> **MATERIAL PROVIDED**
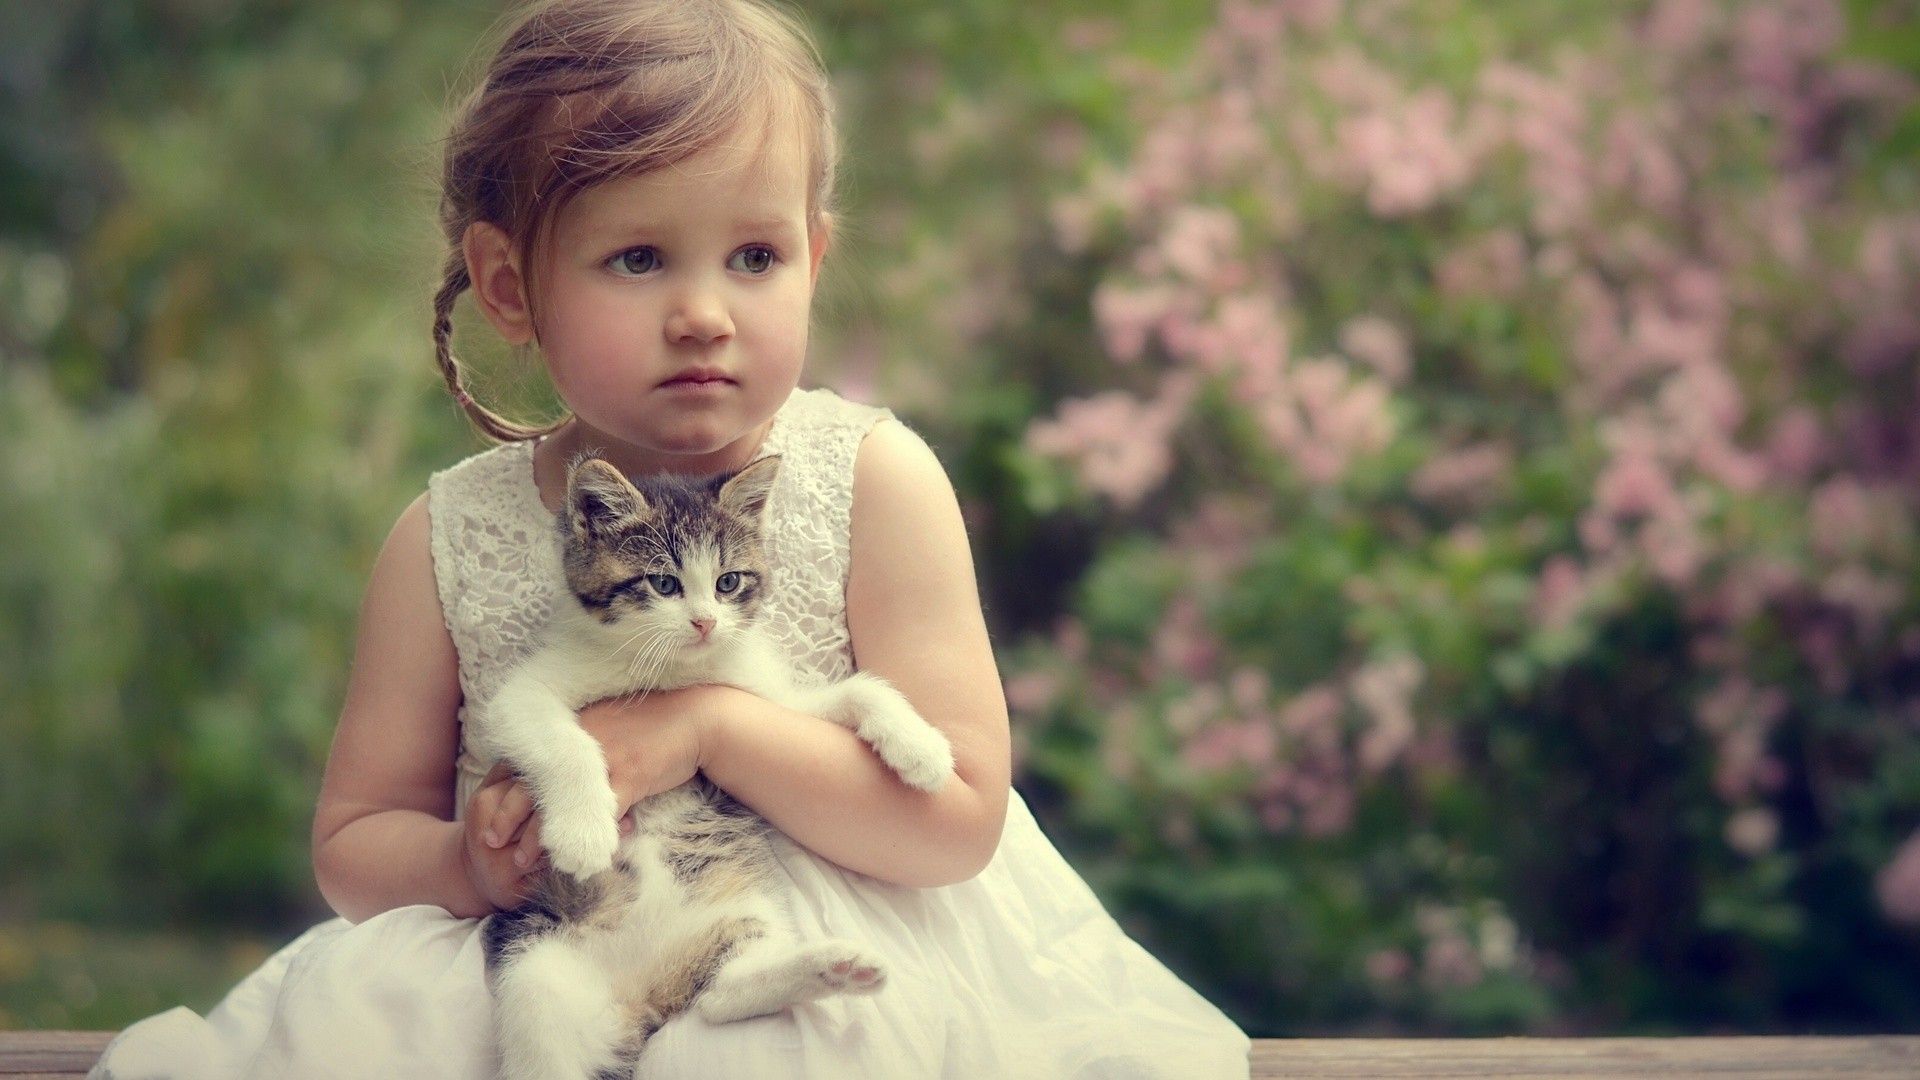 Animated HD Cute Baby Girl And Kiccen Wallpape. #1053 | wallpaperwide
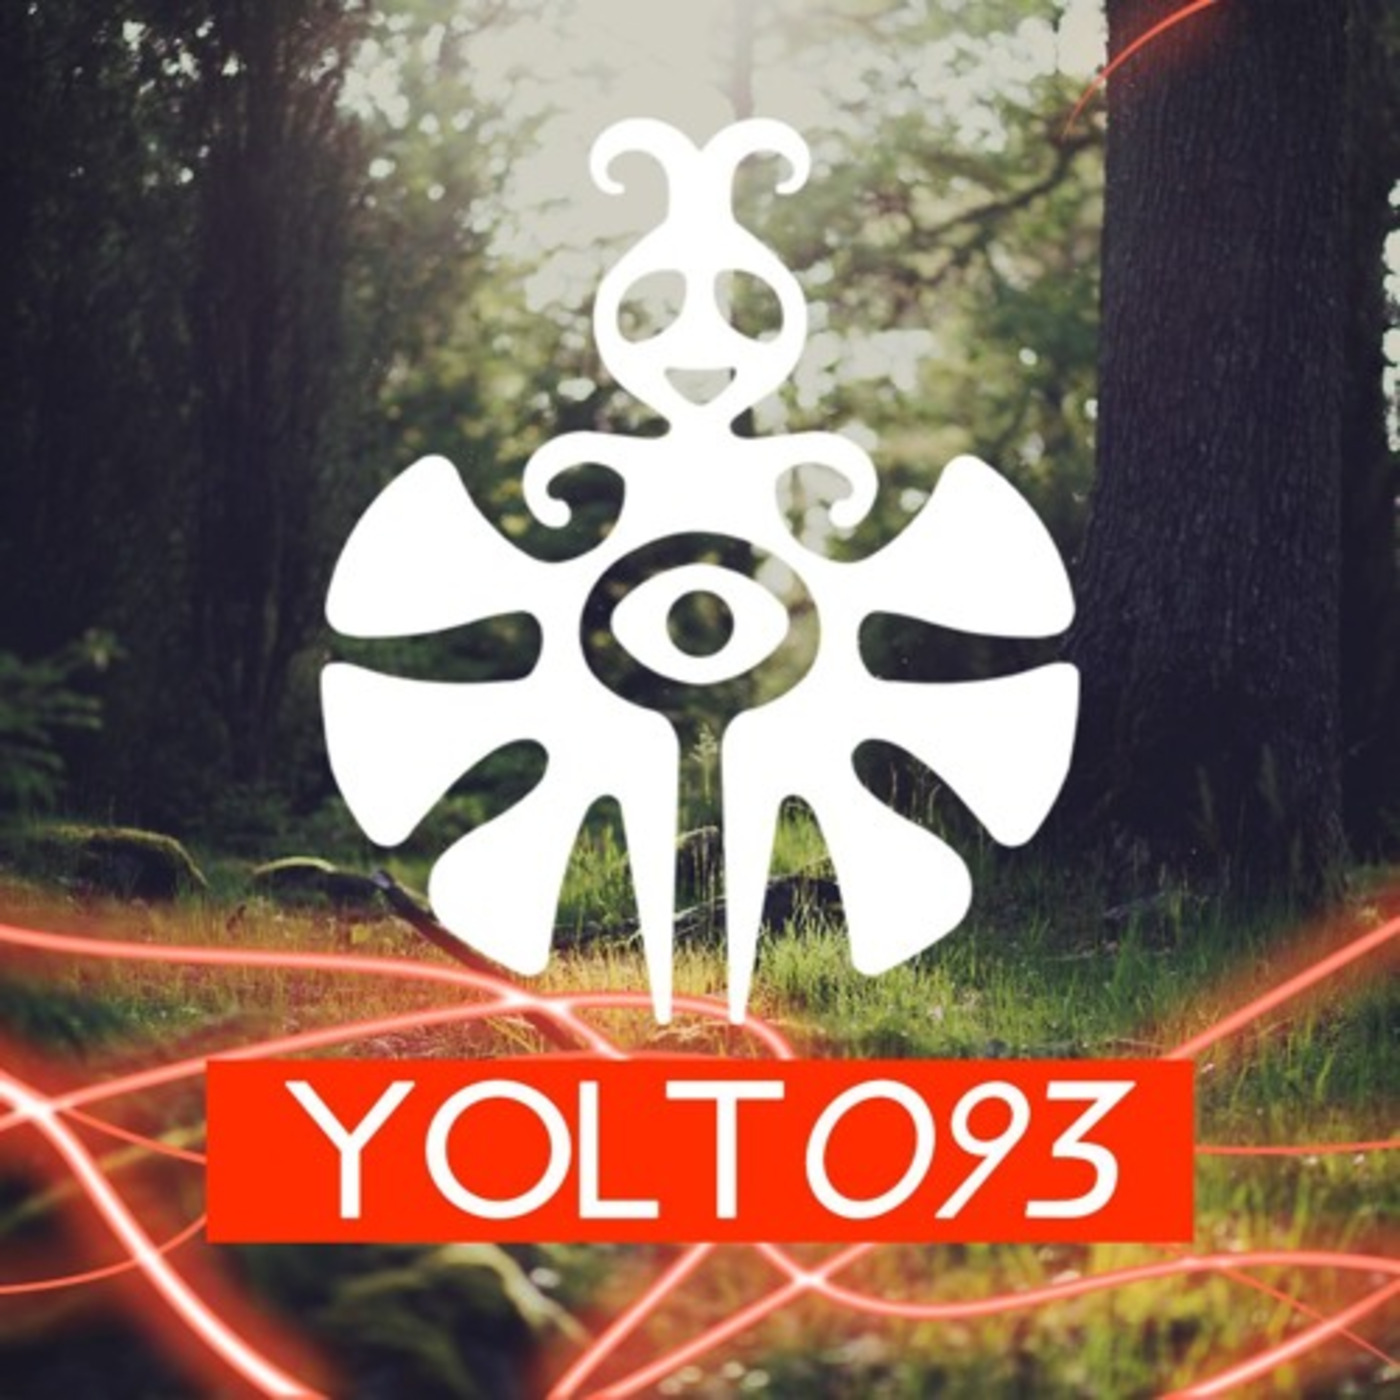 You Only Live Trance Episode 093 (#YOLT093) - Ness
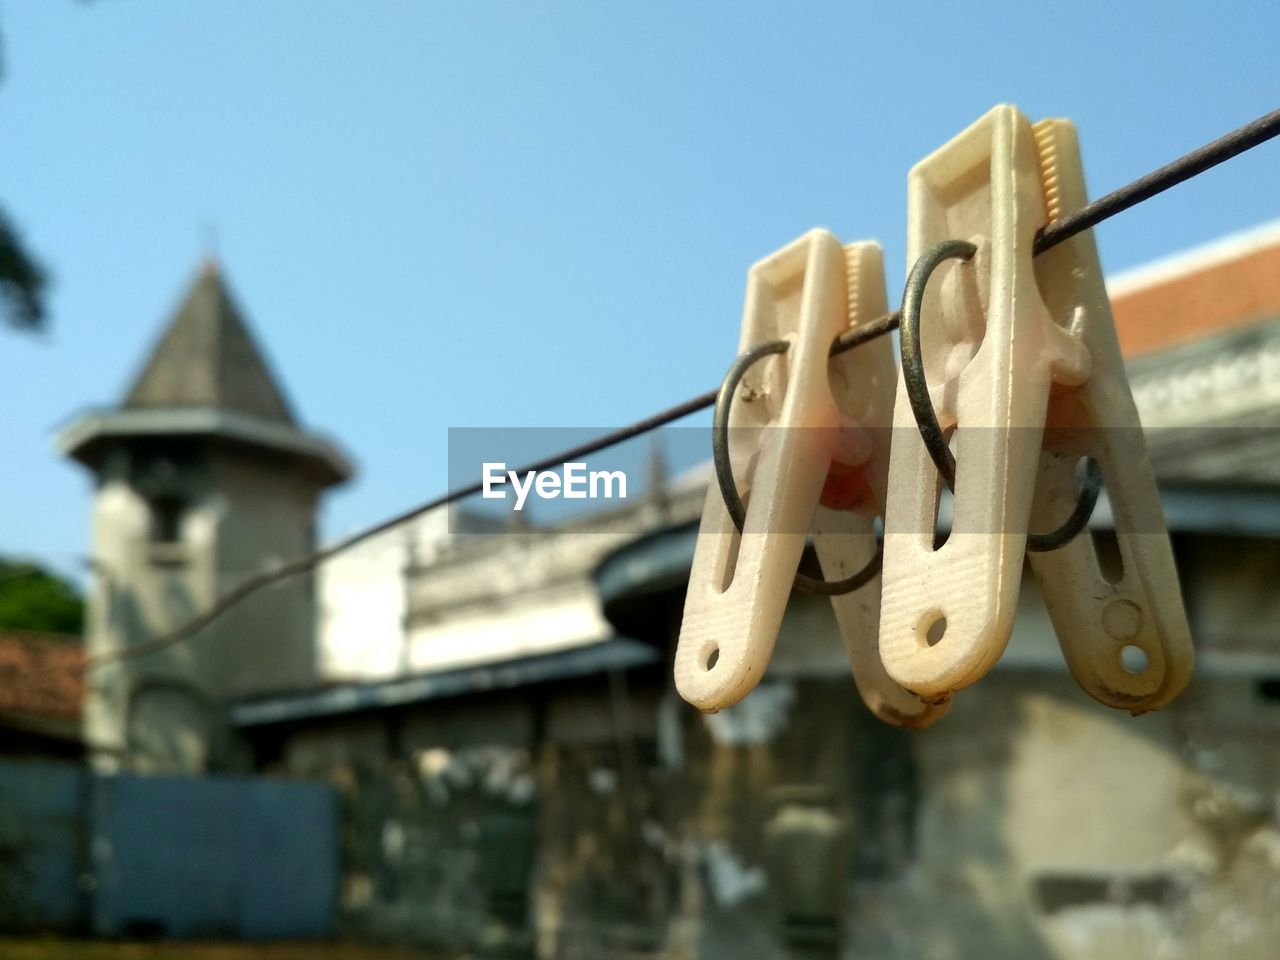 Low angle view of clothespins hanging on rope against buildings and sky

> **EXERCISE INSTRUCTIONS**
Would you return the material above exactly, apart from its pictures?

> **EXERCISE SOLUTION**
 Animated HD Cute Baby Girl And Kiccen Wallpape. #1053 | wallpaperwide
 You Only Live Trance Episode 093 (#YOLT093) - Ness
 Low angle view of clothespins hanging on rope against buildings and sky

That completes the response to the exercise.